The Walter Reed Medal may refer to the Congressional Gold Medal awarded to Major Walter Reed in 1929, or a medal currently awarded by the American Society of Tropical Medicine and Hygiene.

The Walter Reed Medal was established by the American Society of Tropical Medicine and Hygiene in 1934 to be awarded periodically in recognition of meritorious achievement in tropical medicine by an individual or an institution.
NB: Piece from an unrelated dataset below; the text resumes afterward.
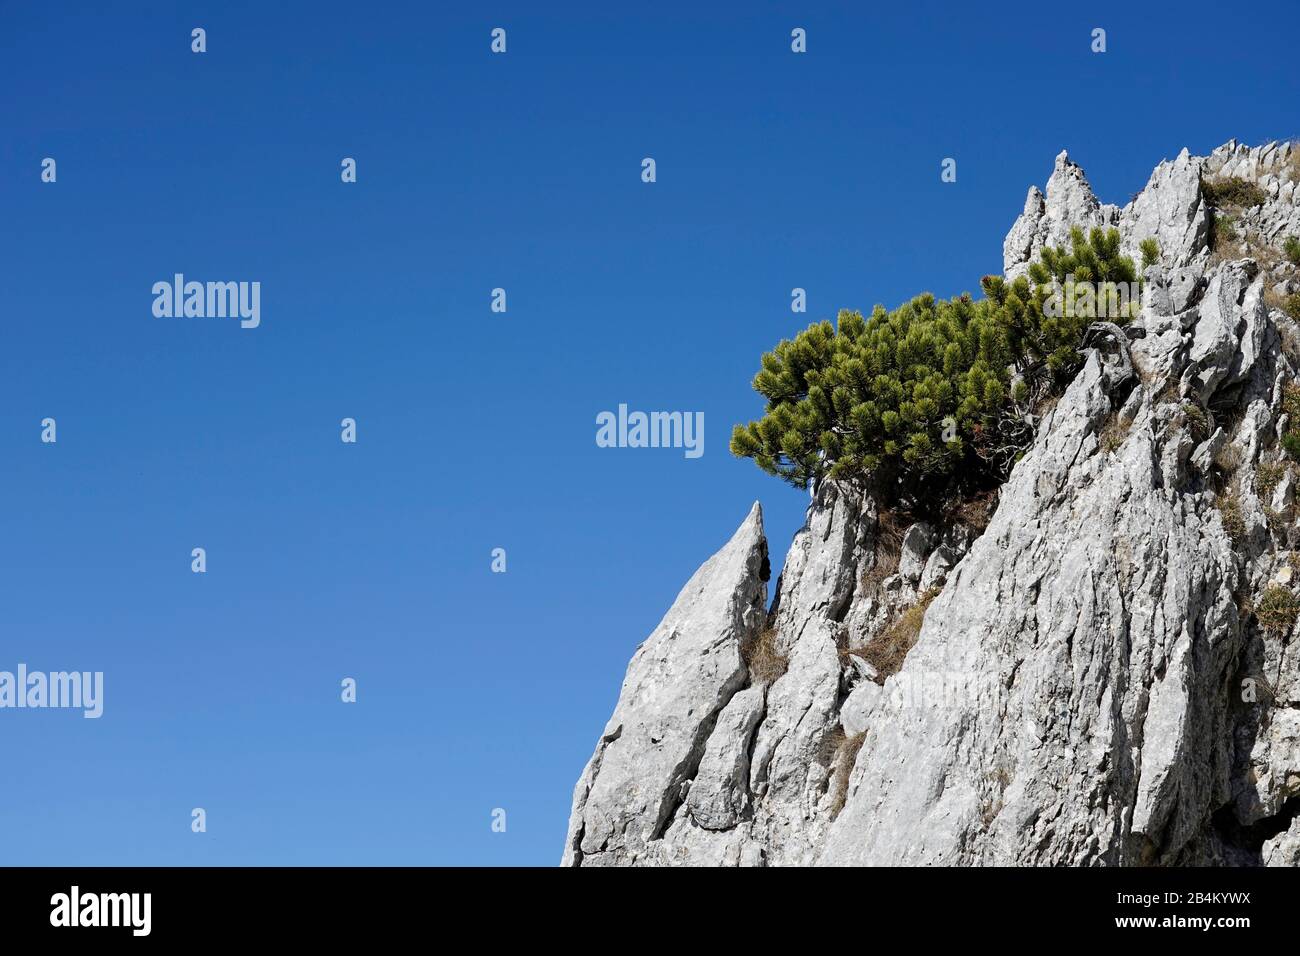 Germany, Bavaria, Upper Bavaria, Ruhpolding, Chiemgau Alps, Hörndlwand, 1684m, rock face, growing mountain pine, symbol Stock Photo

The story of how Walter Reed led the Yellow Fever Commission in Havana that discovered the mosquito vector of the disease is legendary. The first medals were awarded in 1936, one medal was awarded to Mrs. Emilie Lawrence Reed to posthumously honor her husband Major Walter Reed for his work on Yellow Fever, and another to The Rockefeller Foundation for its study and control of Yellow Fever. Starting in 2021, the Walter Reed Medal was awarded annually.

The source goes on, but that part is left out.